Joining the oral exam with a non-executed code OR without a PDF file with the obtained results visible on that, will cause the student to be rejected.

Exercise 1: GD on a 1D Function#

Consider the 1-dimensional function

\[ \mathcal{L}(\Theta) = (\Theta - 3)^2 + 1. \]

Compute the Gradient of \(\mathcal{L}(\Theta)\) explicitly.
Implement the Gradient Descent to optimize \(\mathcal{L}(\Theta)\) following what we introduced on the theoretical sections.
Test three different constant step sizes:
- \(\eta = 0.05\)
- \(\eta = 0.2\)
- \(\eta = 1.0\)
For each choice:
- Plot the sequence \(\Theta^{(k)}\) on the real line (i.e. draw a line and represent, on top of it, the position of all the successive elements \(\Theta^{(k)}\)).
- Plot the function values \(\mathcal{L}(\Theta^{(k)})\) vs iteration.
- Comment on convergence, oscillations, and divergence.
Relate your observations to the discussion in class about:
- step-size being too small / too large,
- the role of convexity,
- how the “just right” step size leads to fast convergence.

Hint: This function is strictly convex with a unique minimizer at \(\Theta^* = 3\).

Exercise 2: Backtracking Line Search#

Consider the non-convex function

\[ \mathcal{L}(\Theta) = \Theta^4 - 3\Theta^2 + 2. \]

Implement Gradient Descent with Backtracking, using the Armijo condition, considering the backtracking(...) function from class.
Test different initial points:
- \(\Theta_0 = -2\)
- \(\Theta_0 = 0.5\)
- \(\Theta_0 = 2\)
For each starting point, plot:
- the function curve \(\mathcal{L}(\Theta)\) in 1D in the domain \([-3, 3]\),
- the trajectory of the iterates \(\Theta^{(k)}\) overlaid on the curve.
Discuss:
- Why different initializations converge to different minima.
- How backtracking automatically chooses a suitable step size at each iteration.
- Situations where constant step size would fail.

Exercise 3: GD in 2D#

Consider the quadratic function:

\[\begin{split} \mathcal{L}(\Theta) = \tfrac{1}{2}\,\Theta^T A\,\Theta, \qquad A = \begin{bmatrix}1 & 0 \\ 0 & 25\end{bmatrix}. \end{split}\]

Implement Gradient Descent in 2D, as seen in class.
Plot the level sets of \(L\) (using the helper code provided in the lecture notes) and overlay the iterates \(\Theta^{(k)}\) for:
- \(\eta = 0.02\),
- \(\eta = 0.05\) (borderline),
- \(\eta = 0.1\) (diverging).

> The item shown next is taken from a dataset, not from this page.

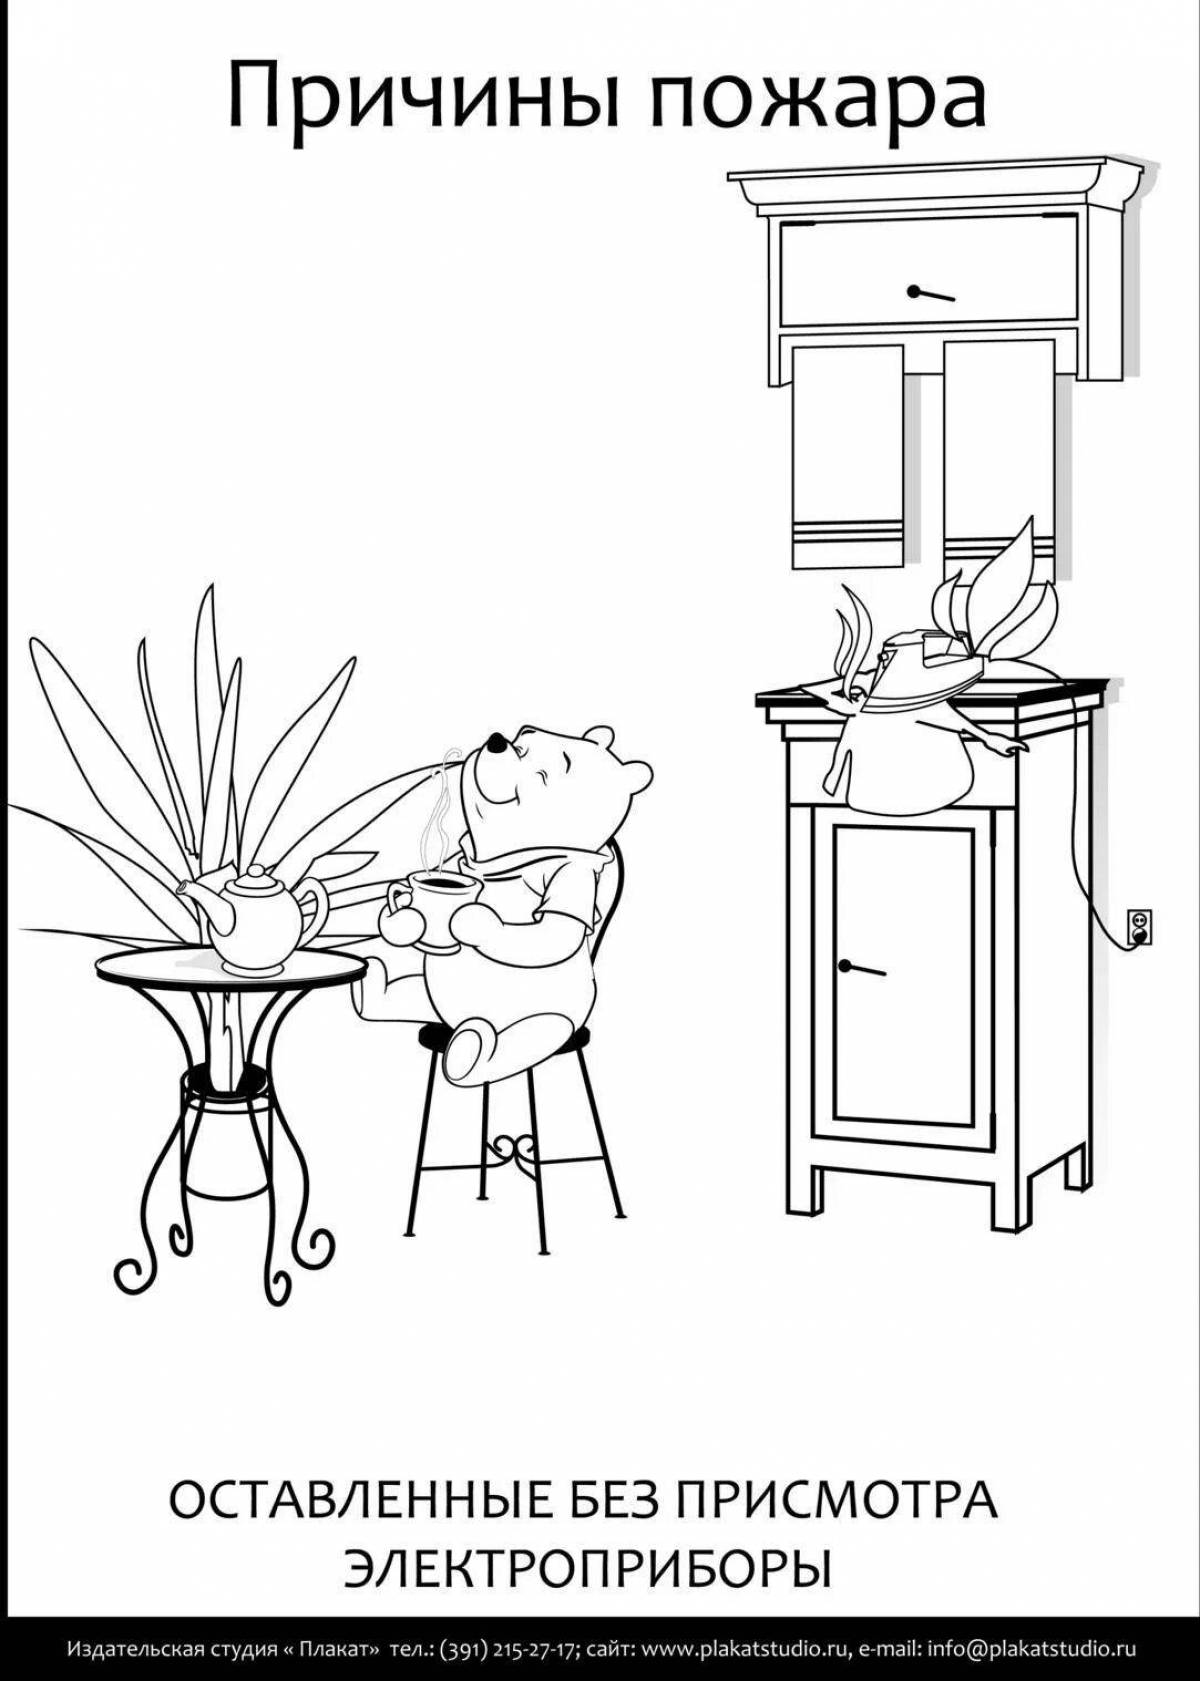 Attractive safety rules coloring pages

To overlay the iterates on the plot, simply add a plt.plot(...) function taking as input the coordinates \(\Theta_1^{(k)}\) and \(\Theta_2^{(k)}\) for each \(k\).
Comment on:
- the elongated ellipses produced by ill-conditioning,
- the gradient direction compared to the level set lines,
- zig-zag behaviour for large condition numbers,
- the relation to the lecture discussion on slow convergence in narrow valleys.

Exercise 4: Exact Line Search vs Backtracking#

Let

\[\begin{split} \mathcal{L}(\Theta) = \frac{1}{2}\Theta^T A \Theta,\qquad A=\begin{bmatrix}5 & 0\\0 & 2\end{bmatrix}. \end{split}\]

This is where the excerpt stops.